Dynamic Tool Factory
Domain Skills have another common need: dynamically creating tools based on configuration.
For example, GA4 tools need to bind to specific accounts:
def create_ga4_tool_functions(property_id: str, credentials_path: str):
"""Create GA4 tools based on account configuration"""
client = GA4Client(property_id, credentials_path)
def ga4_run_report(**kwargs):
return client.run_report(**kwargs)
def ga4_get_metadata():
return client.get_available_dimensions_and_metrics()
return {
"ga4_run_report": ga4_run_report,
"ga4_get_metadata": ga4_get_metadata,
}
This way, different users can use different GA4 accounts, same Skill but bound to different credentials.

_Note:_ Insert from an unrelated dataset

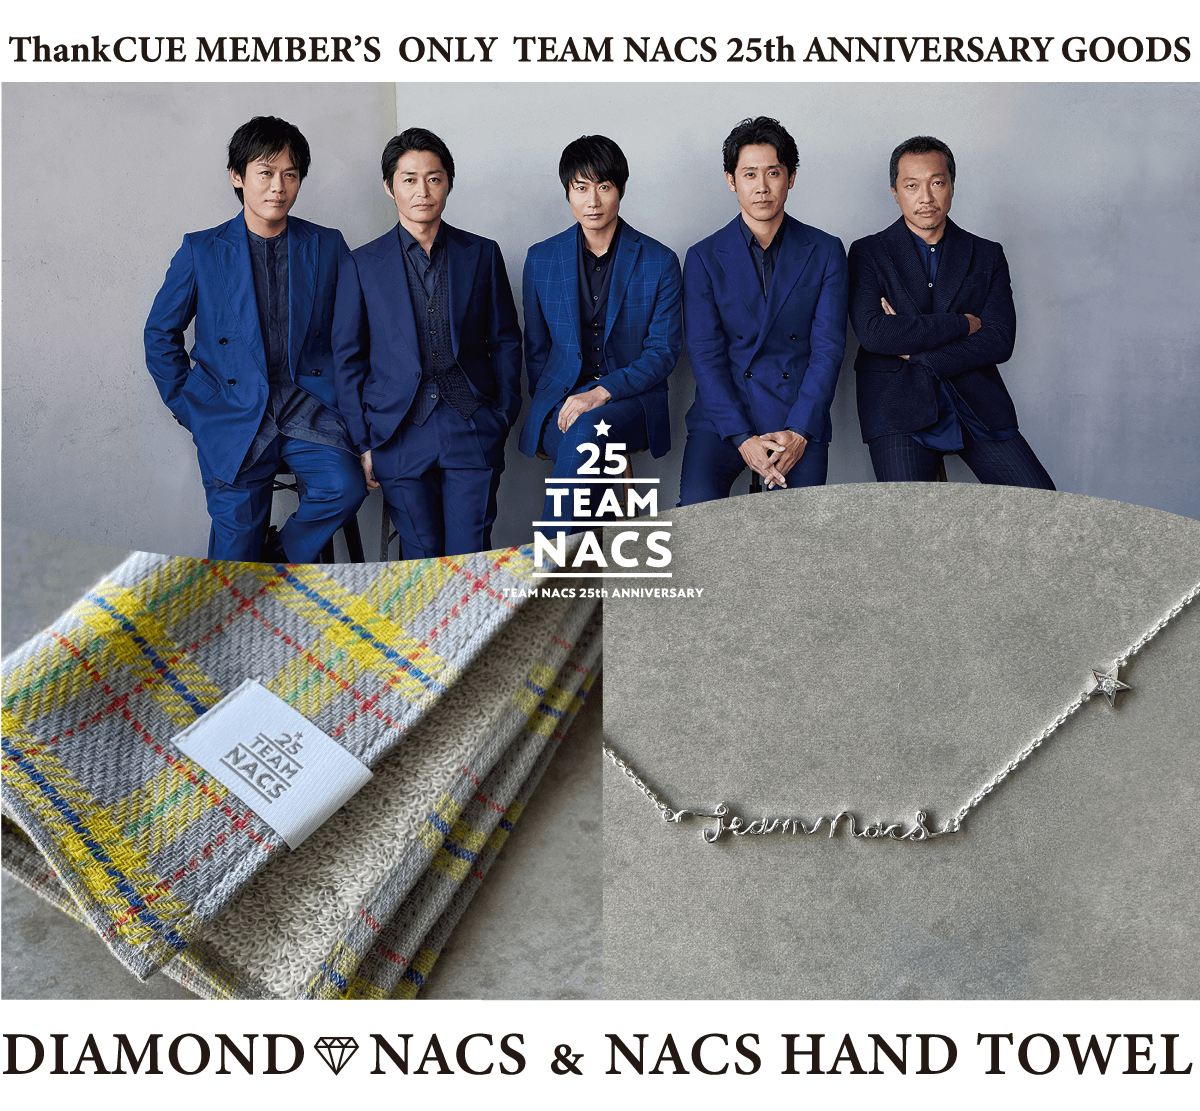 ファンクラブ Thankcue会員限定商品 Diamond Nacs Nacs Hand Towel 発売決定 Information Creative Office Cue Official Website
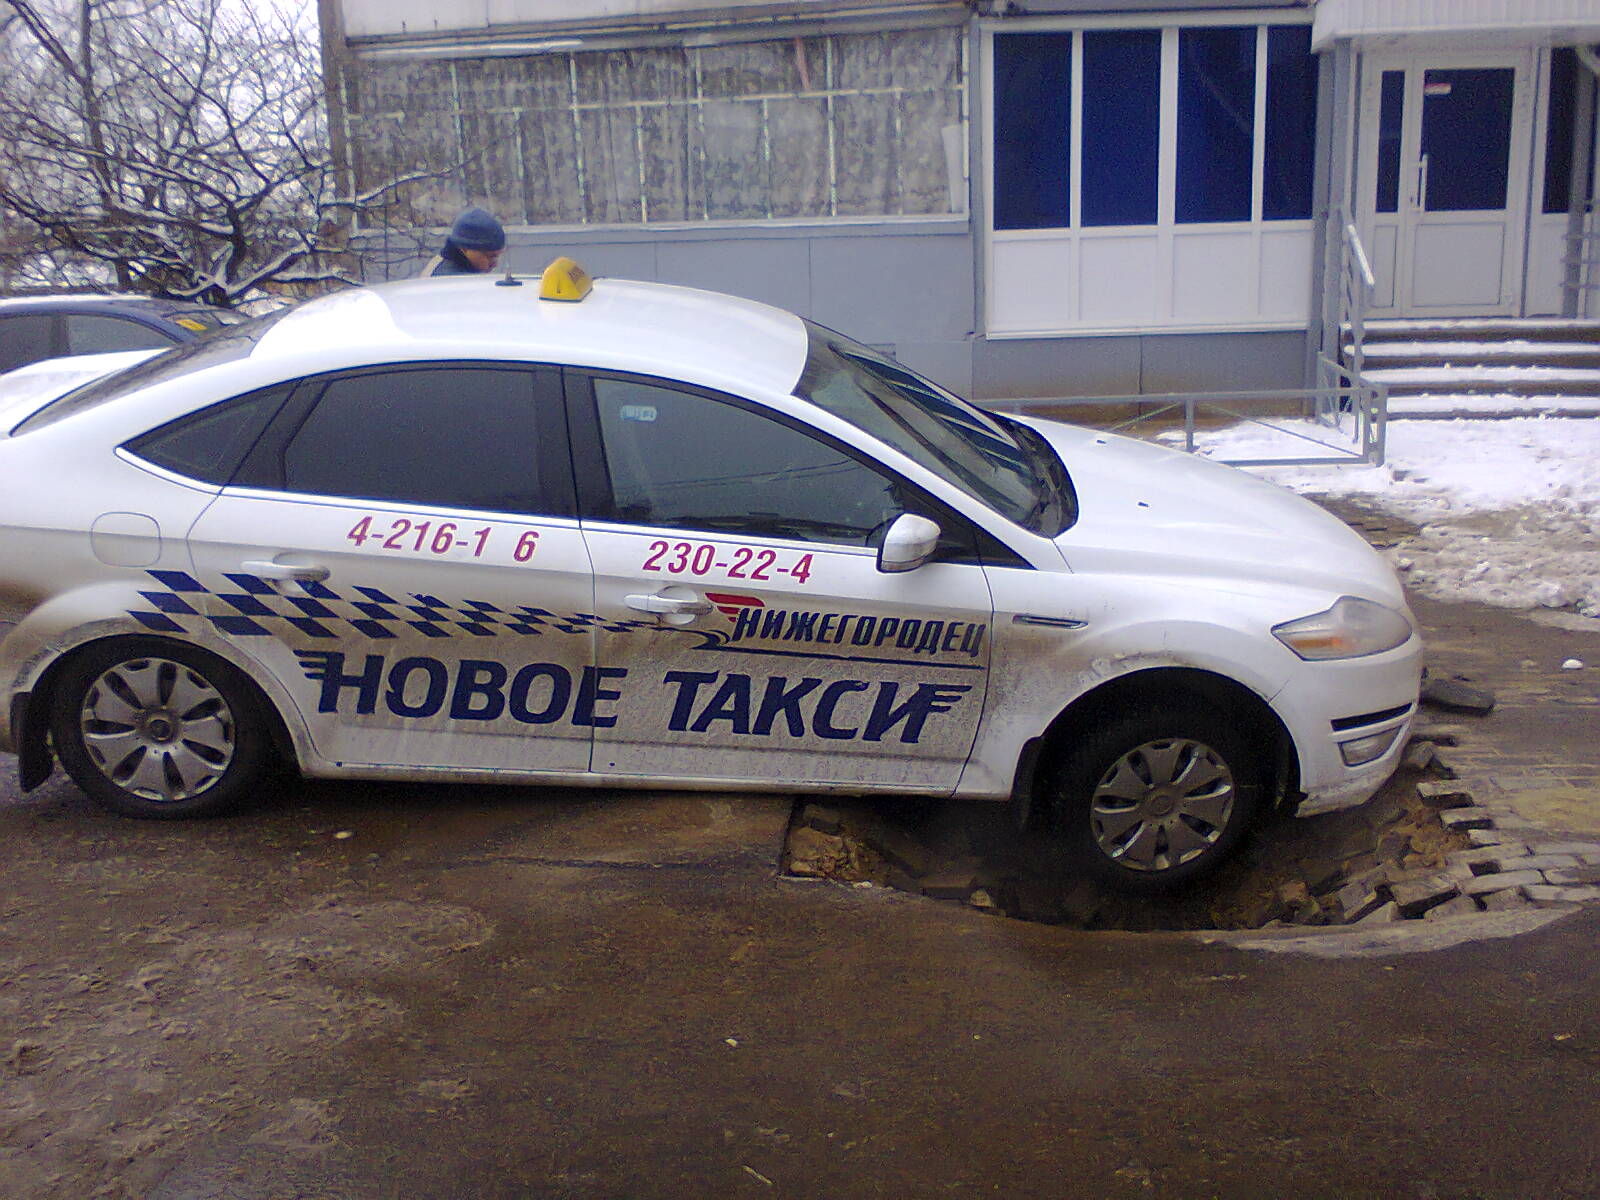 Такси в великом новгороде телефоны. Таксопарк Нижегородец. Новое такси. Такси Нижегородец в Нижнем Новгороде.

5.5 Prompt Template Rendering
Sometimes the same Skill needs to inject different variables based on context.
For example, data analytics Skill:
"data_analytics": {
"system_prompt": (
"# Setup\n"
"profile_id: ${profile_id}\n"
"User's account ID: ${aid}\n"
"Date of today: ${current_date}\n\n"
"You are a data analytics assistant..."
),
"allowed_tools": ["processSchemaQuery"],
}
Pass parameters when invoking:
context = {
"role": "data_analytics",
"prompt_params": {
"profile_id": "49598h6e",
"aid": "7b71d2aa-dc0d-4179-96c0-27330587fb50",
"current_date": "2026-01-03",
}
}
The rendering function replaces ${variable} with actual values:
def render_system_prompt(prompt: str, context: Dict) -> str:
variables = context.get("prompt_params", {})
def substitute(match):
var_name = match.group(1)
return str(variables.get(var_name, ""))
return re.sub(r"\$\{(\w+)\}", substitute, prompt)
After rendering:
# Setup
profile_id: 49598h6e
User's account ID: 7b71d2aa-dc0d-4179-96c0-27330587fb50
Date of today: 2026-01-03
You are a data analytics assistant...
5.6 Runtime Dynamic Enhancement
Skills define static configuration, but runtime still dynamically injects some content:
# Inject current date
current_date = datetime.now().strftime("%Y-%m-%d")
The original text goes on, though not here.